Such a model would also have the added benefit of rendering the redundant “vanity” essay collection by “name” scholars (i.e., “Here are the articles I’ve written in the past year, with minimal editing to eliminate repetition; hell, I’ll throw in an encyclopedia article, too, to increase page count...") obselete.
Yes, Kathleen, welcome, and thanks for this post.
Amardeep, I don’t know if your worry here is completely justified. Probably there would be some less polished, less thoughtful writing out there, but frankly, sometimes one sees that on the printed page, no? I think a lot would depend upon what sort of publication we are talking about: blogs are of course informal. But if someone spends all the time needed to craft a longer piece for online publication — possibly with illustrations as Kathleen suggests, nicely designed — I am thinking here of a post by Kieran Healy some time back on Crooked Timber (in response, in part, to one of mine here, full disclosure) in which he mentions the joys of typesetting his own work — then surely we can apply the same standards, in all respects, as we would to printed materials.

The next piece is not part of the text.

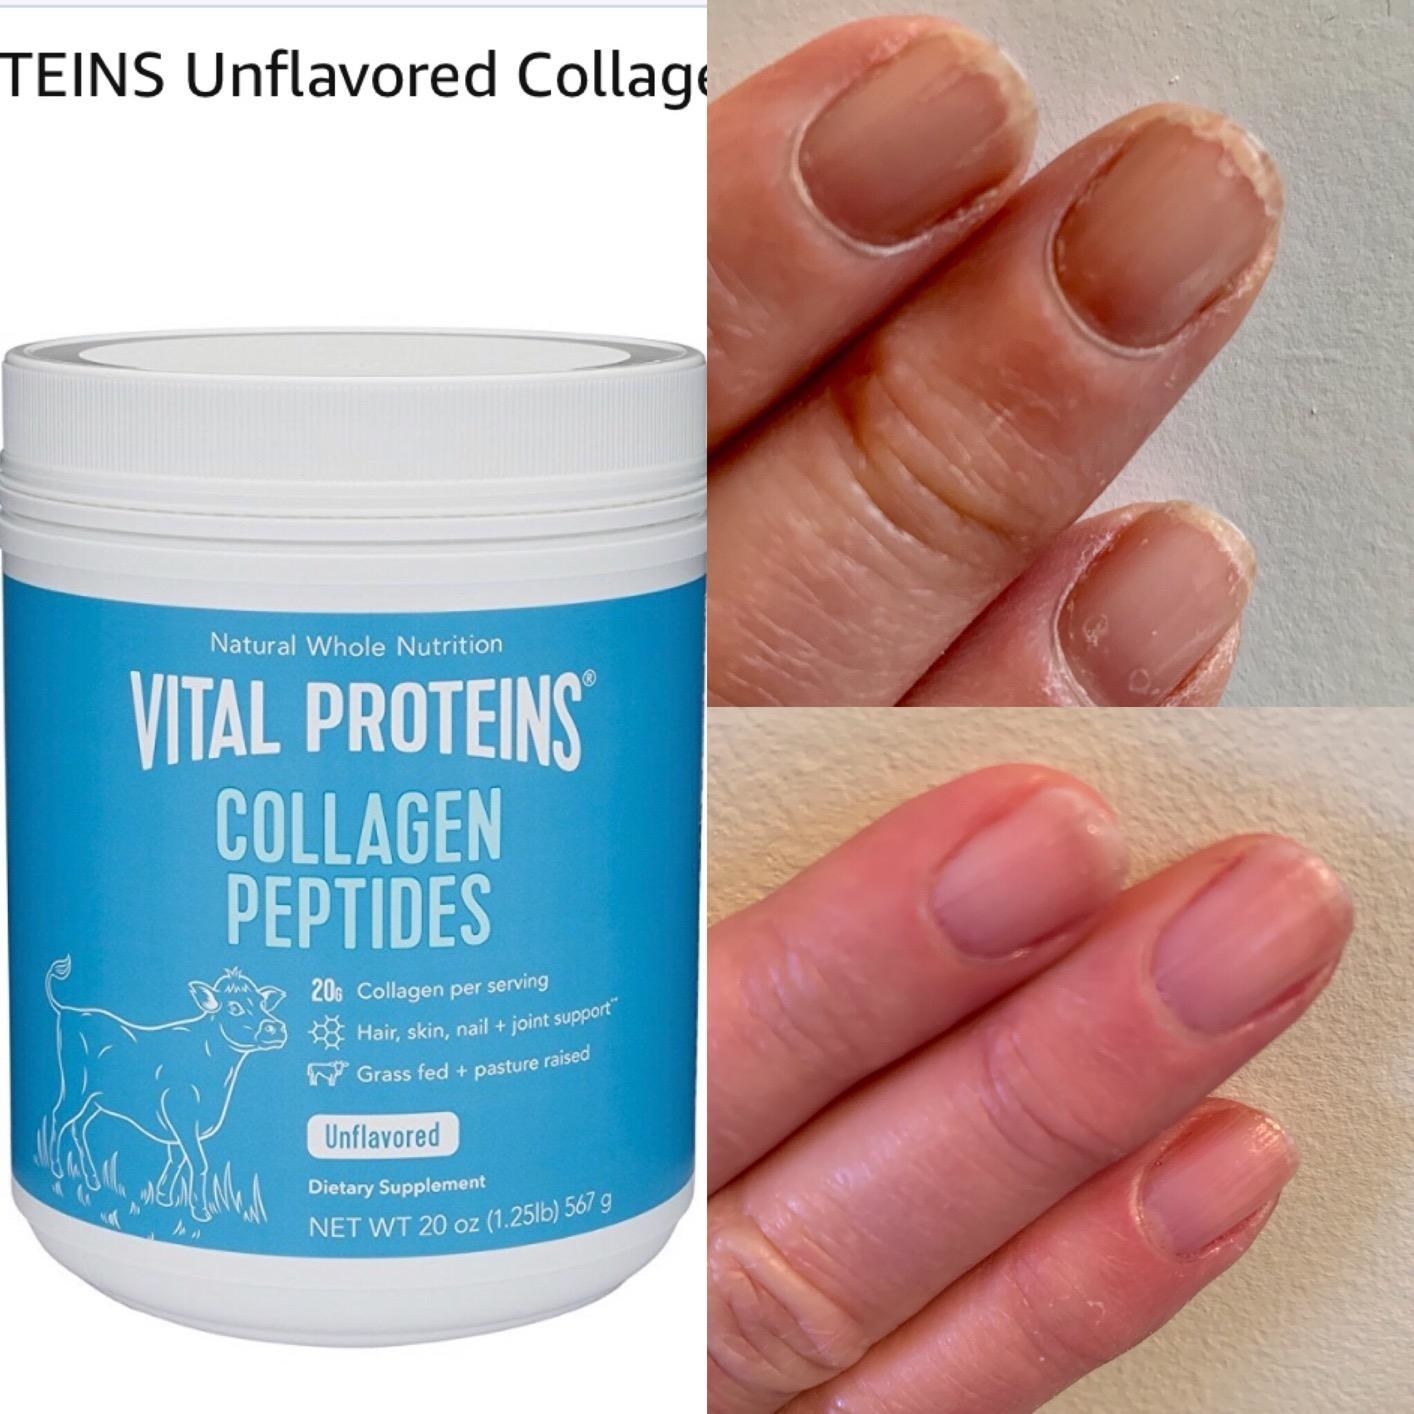 胶原蛋白肽的审阅者图像和一张破裂的指甲的图片和健康指甲的照片

I suppose I’m just not that worried. Good writers are good writers even when they dash off a blog post, and bad writers can iron out some of the kinks, with work, but that is really all that can be said.

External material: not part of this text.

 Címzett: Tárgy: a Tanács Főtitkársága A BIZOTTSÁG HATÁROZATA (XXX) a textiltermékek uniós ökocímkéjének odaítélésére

I would hate to see all academic writing become informal. A journal article is by definition something someone has laboured over, and it has had other eyes on it. We mustn’t give up that, but there is no reason that we should.

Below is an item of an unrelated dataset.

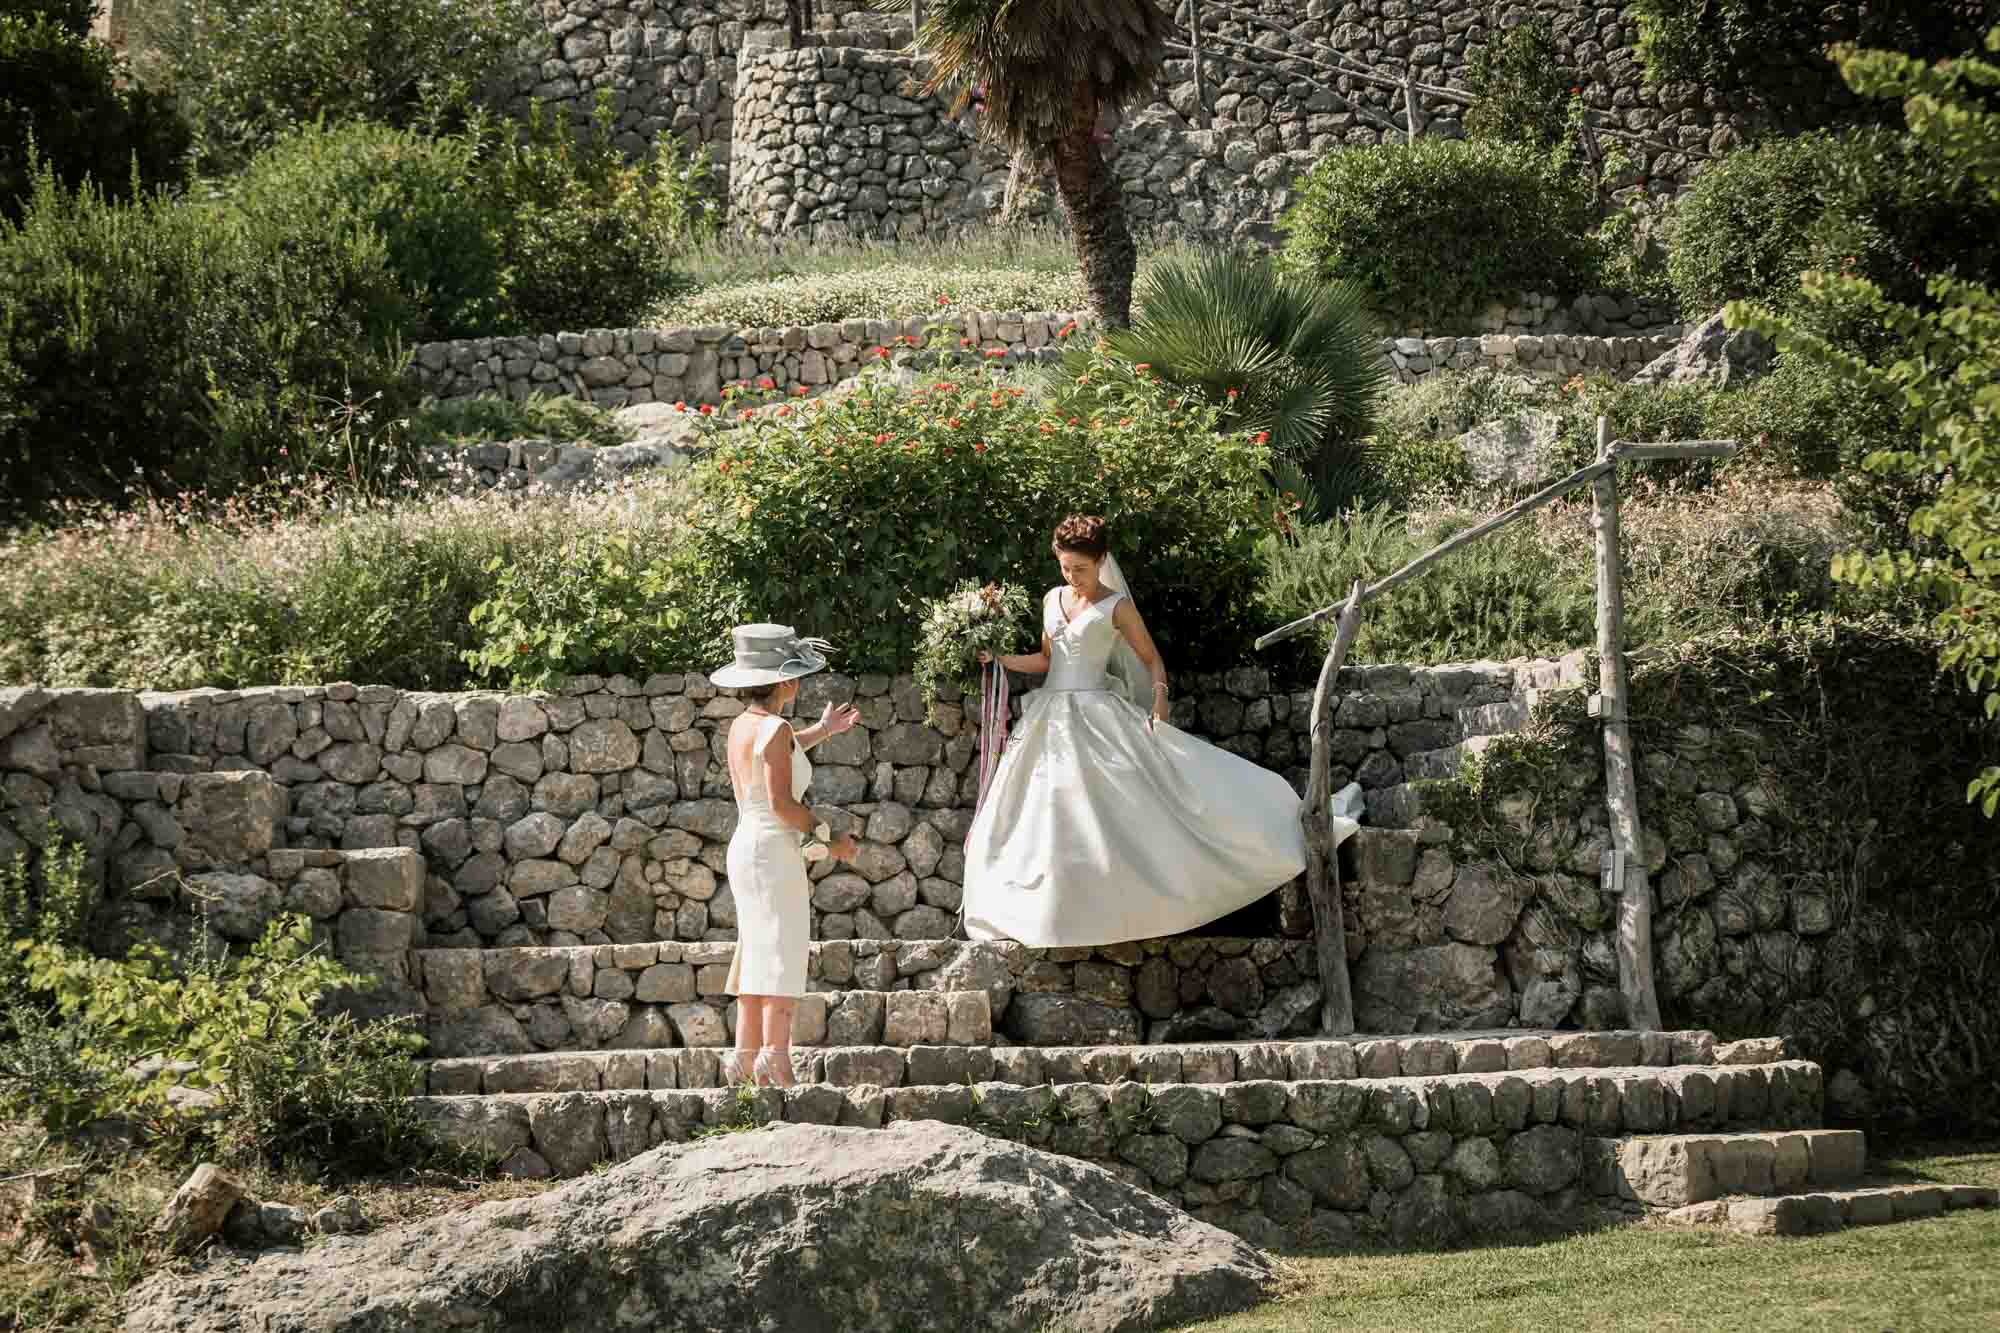 A beautiful bride descends the steps at Pedruxella Gran in Mallorca

This may be a case of losing something — polished prose and an unsustainable publishing system — to gain something: more conversation, more immediacy, more opportunity to make our own judgements rather than handing responsibility over to a group of gatekeepers.
But then, making our own judgements is time-consuming. Reading on-line is time-consuming. I can understand people who feel overwhelmed, who want to have material vetted before it comes to them. A question: do we want to build in the same sorts of controls online as we see in print publishing? Or is the ability to deal with the onslaught part of the new literacy we need to — want to, must — develop?
This may be a case of losing something — polished prose and an unsustainable publishing system — to gain something: more conversation, more immediacy, more opportunity to make our own judgements rather than handing responsibility over to a group of gatekeepers.
Yes, I see what you’re saying. And I think the possibilities are interesting; perhaps in time we might evolve a kind of academic writing designed to distill (in a polished way) the fast-moving kinds of arguments that happen on blogs and bloggy journals described above.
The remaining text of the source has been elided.